# [What the task requires]
Look through the entries below and copy exactly the part that begins with the line containing "découvrez nos formations" and ends with the line containing "Dekorace umělá růžová". Do not copy the pictures.

# [Data supplied]
******************************

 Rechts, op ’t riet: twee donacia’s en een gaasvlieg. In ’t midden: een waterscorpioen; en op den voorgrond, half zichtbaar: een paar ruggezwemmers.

******************************

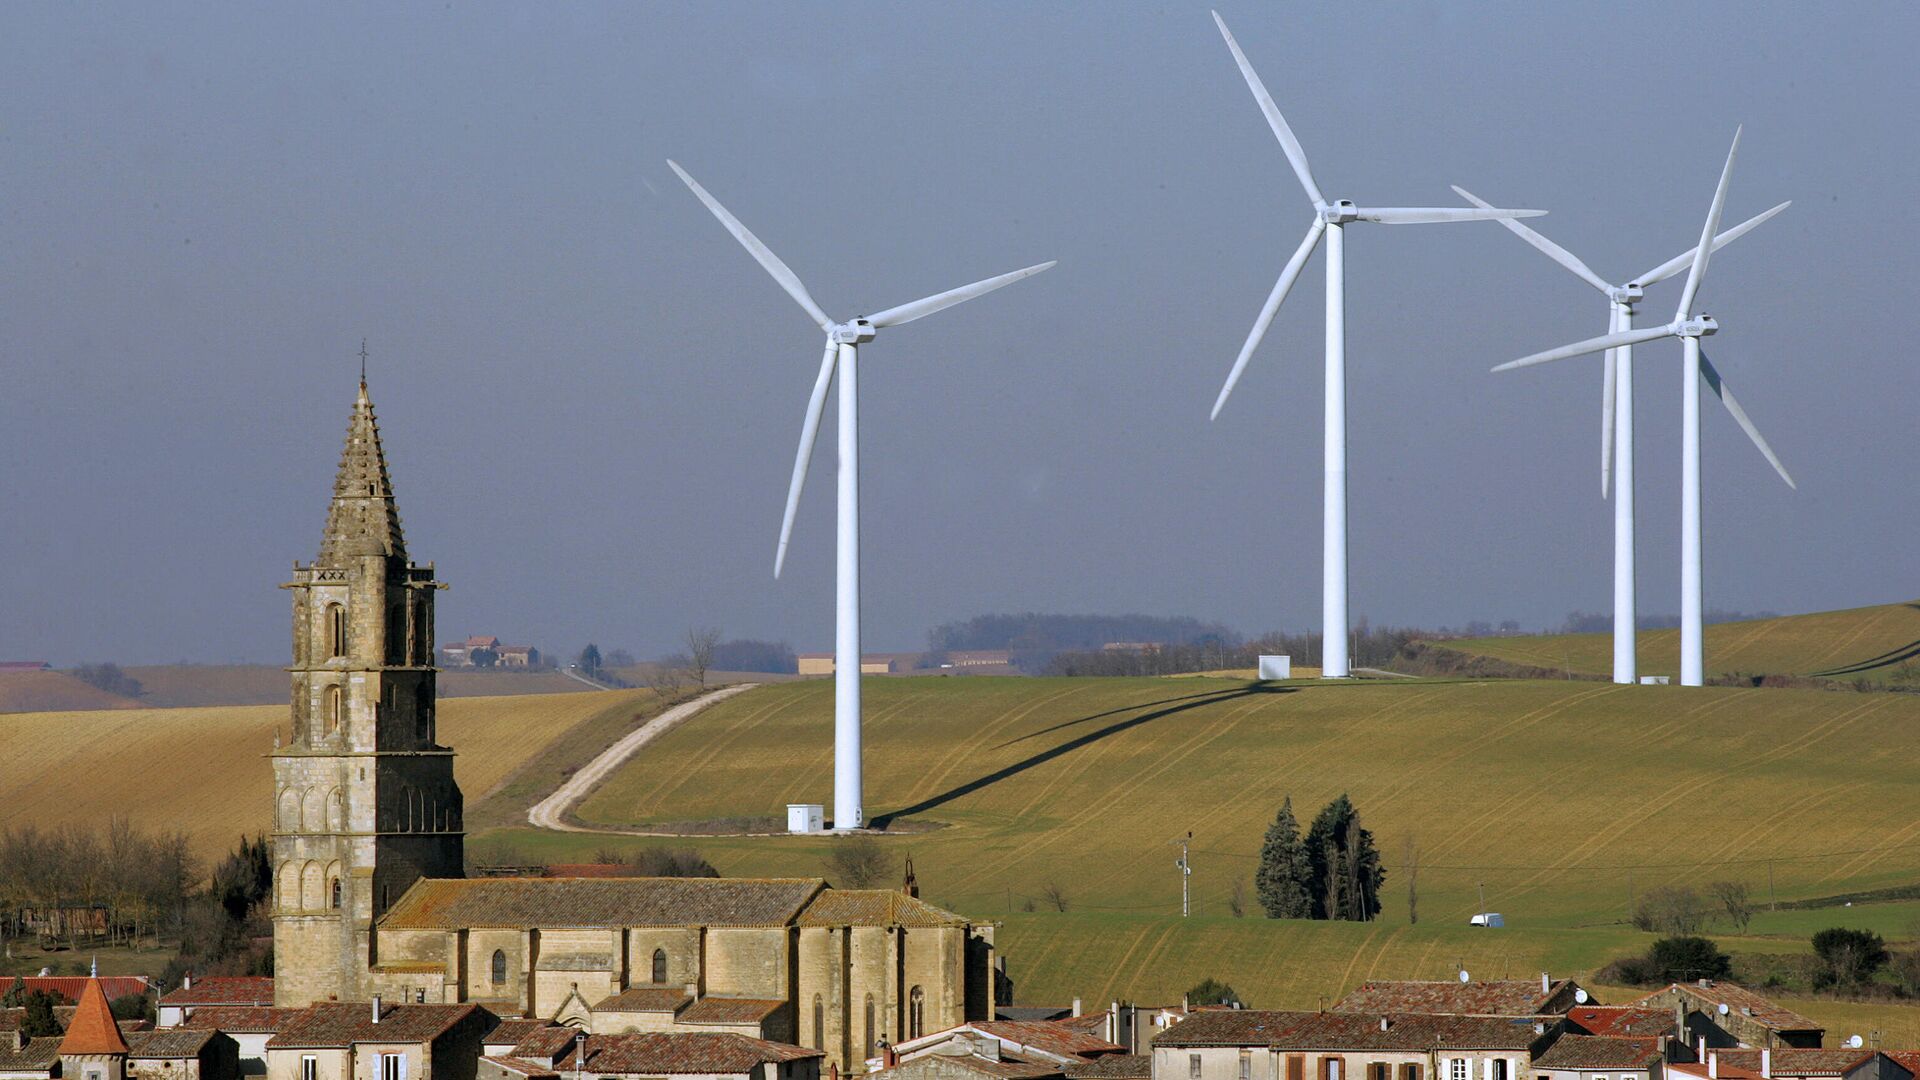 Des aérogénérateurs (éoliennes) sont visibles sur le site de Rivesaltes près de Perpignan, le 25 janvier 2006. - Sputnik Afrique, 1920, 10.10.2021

******************************

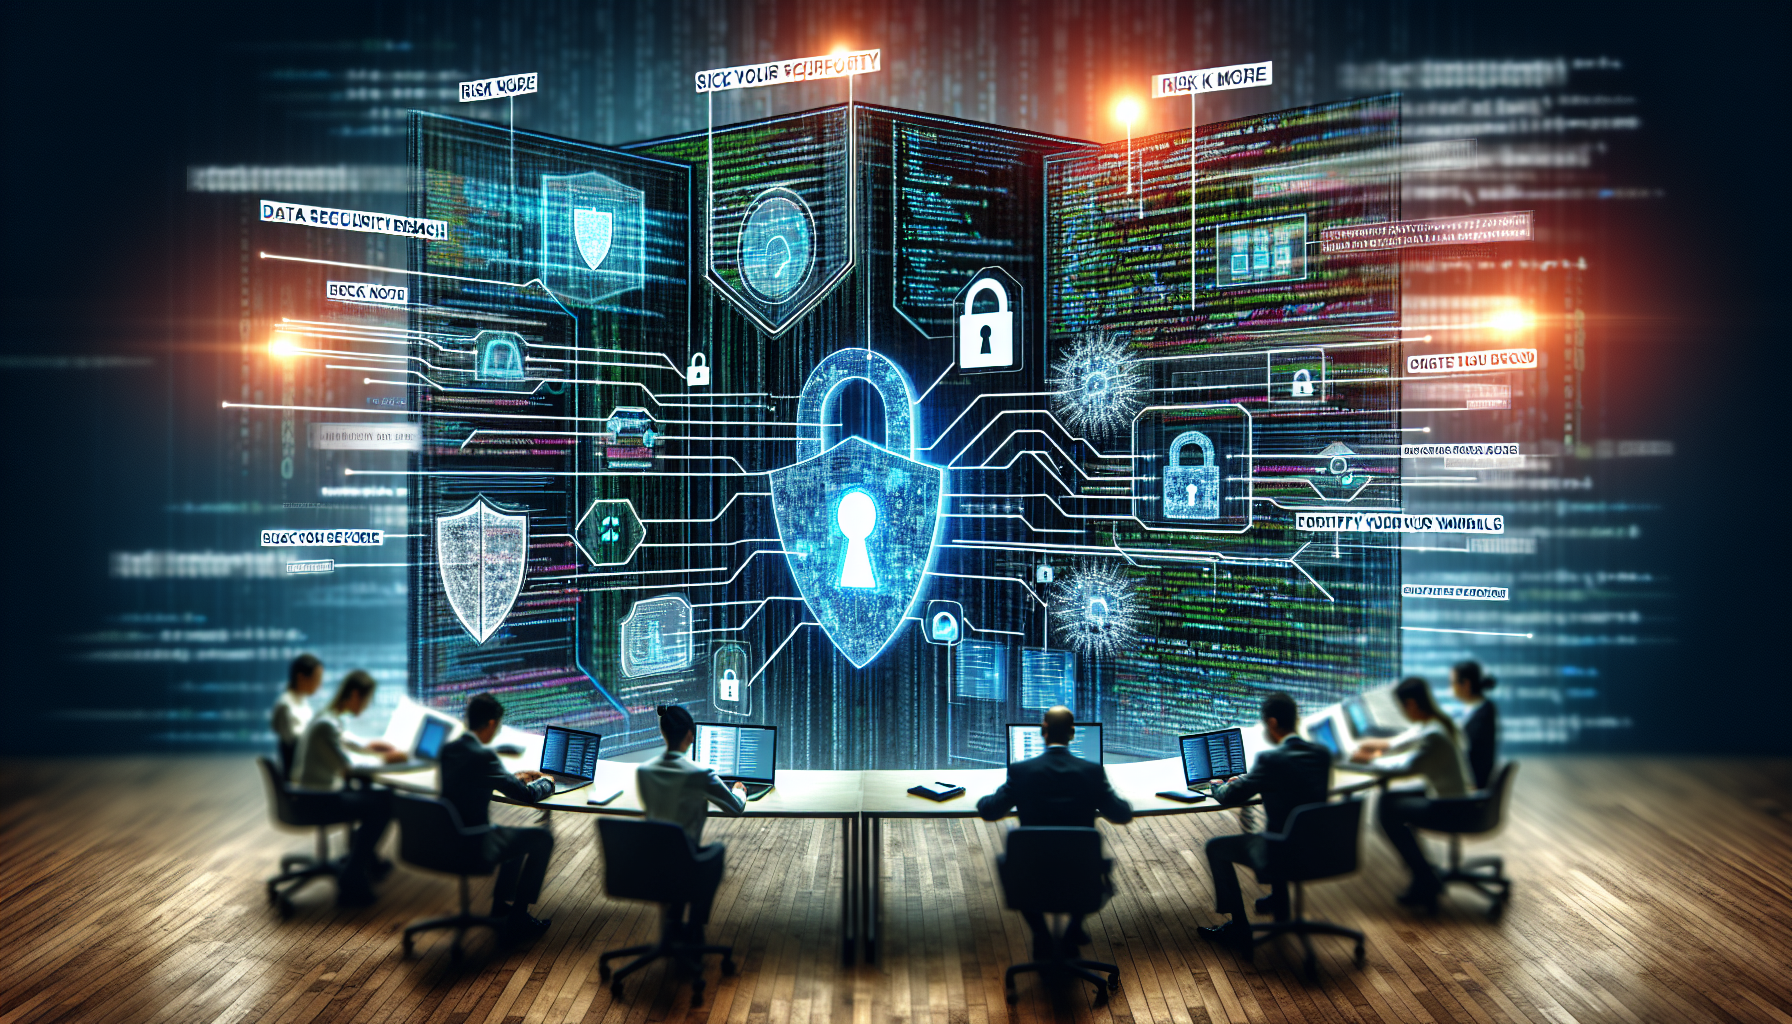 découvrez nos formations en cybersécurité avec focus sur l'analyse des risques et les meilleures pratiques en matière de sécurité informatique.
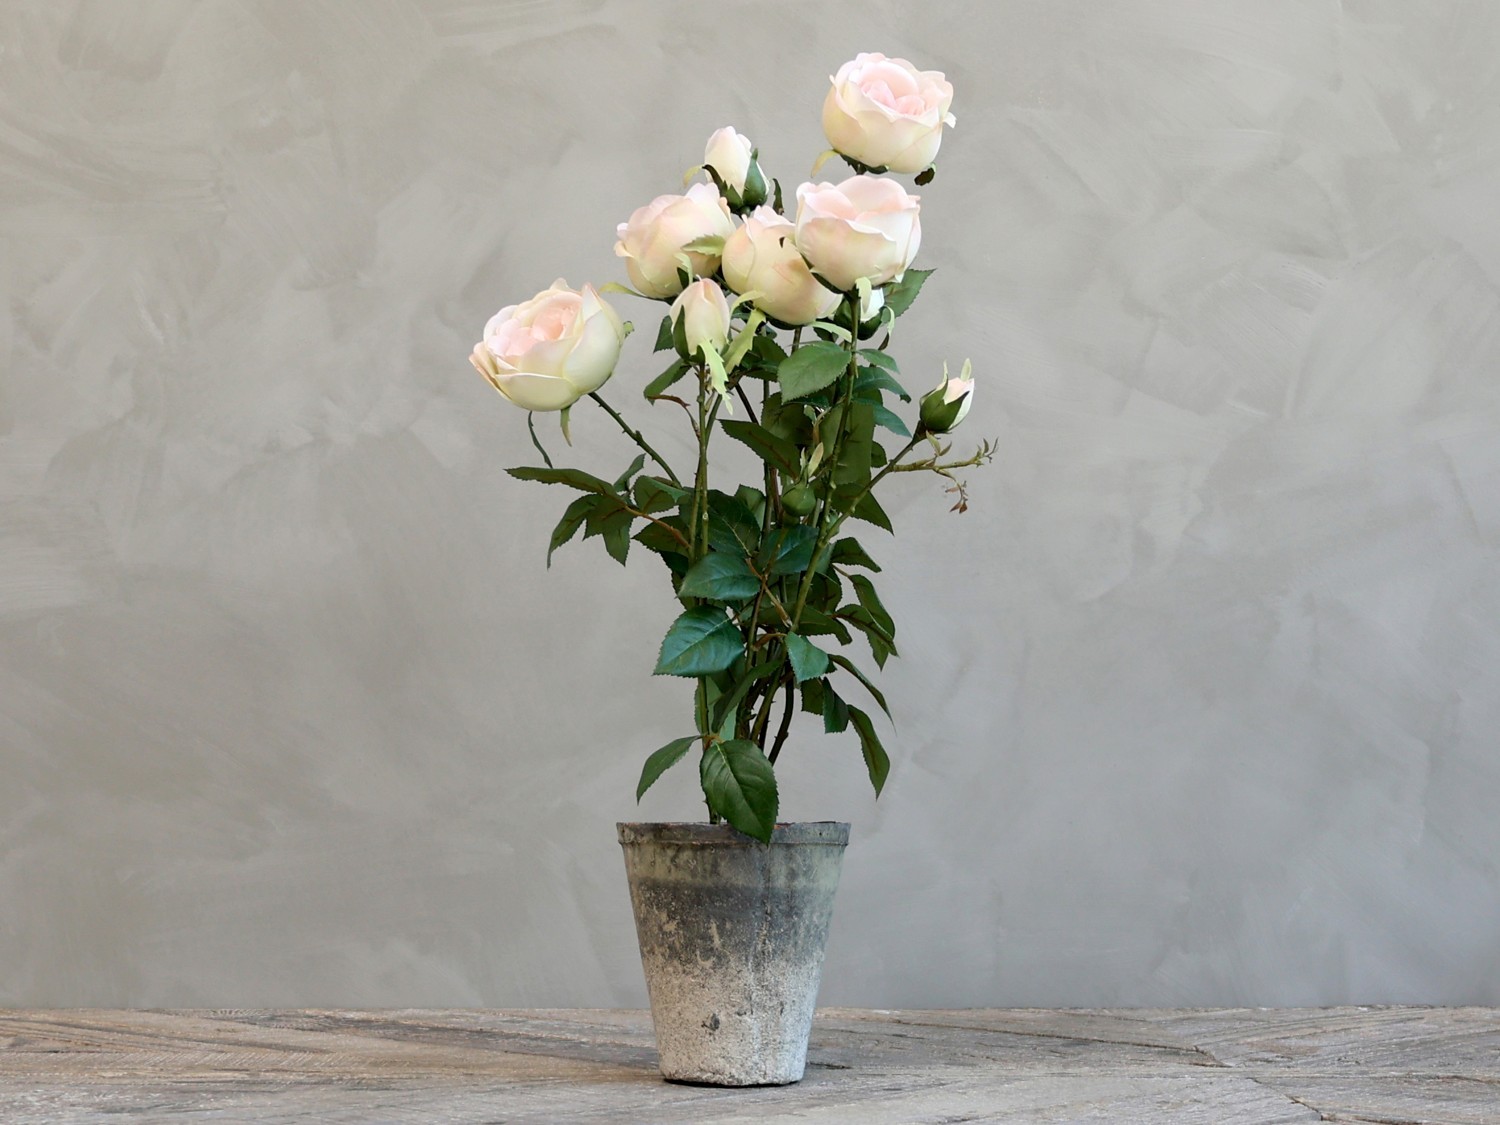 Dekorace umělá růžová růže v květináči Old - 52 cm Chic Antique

******************************

# [Reply to the exercise]
 découvrez nos formations en cybersécurité avec focus sur l'analyse des risques et les meilleures pratiques en matière de sécurité informatique.
 Dekorace umělá růžová růže v květináči Old - 52 cm Chic Antique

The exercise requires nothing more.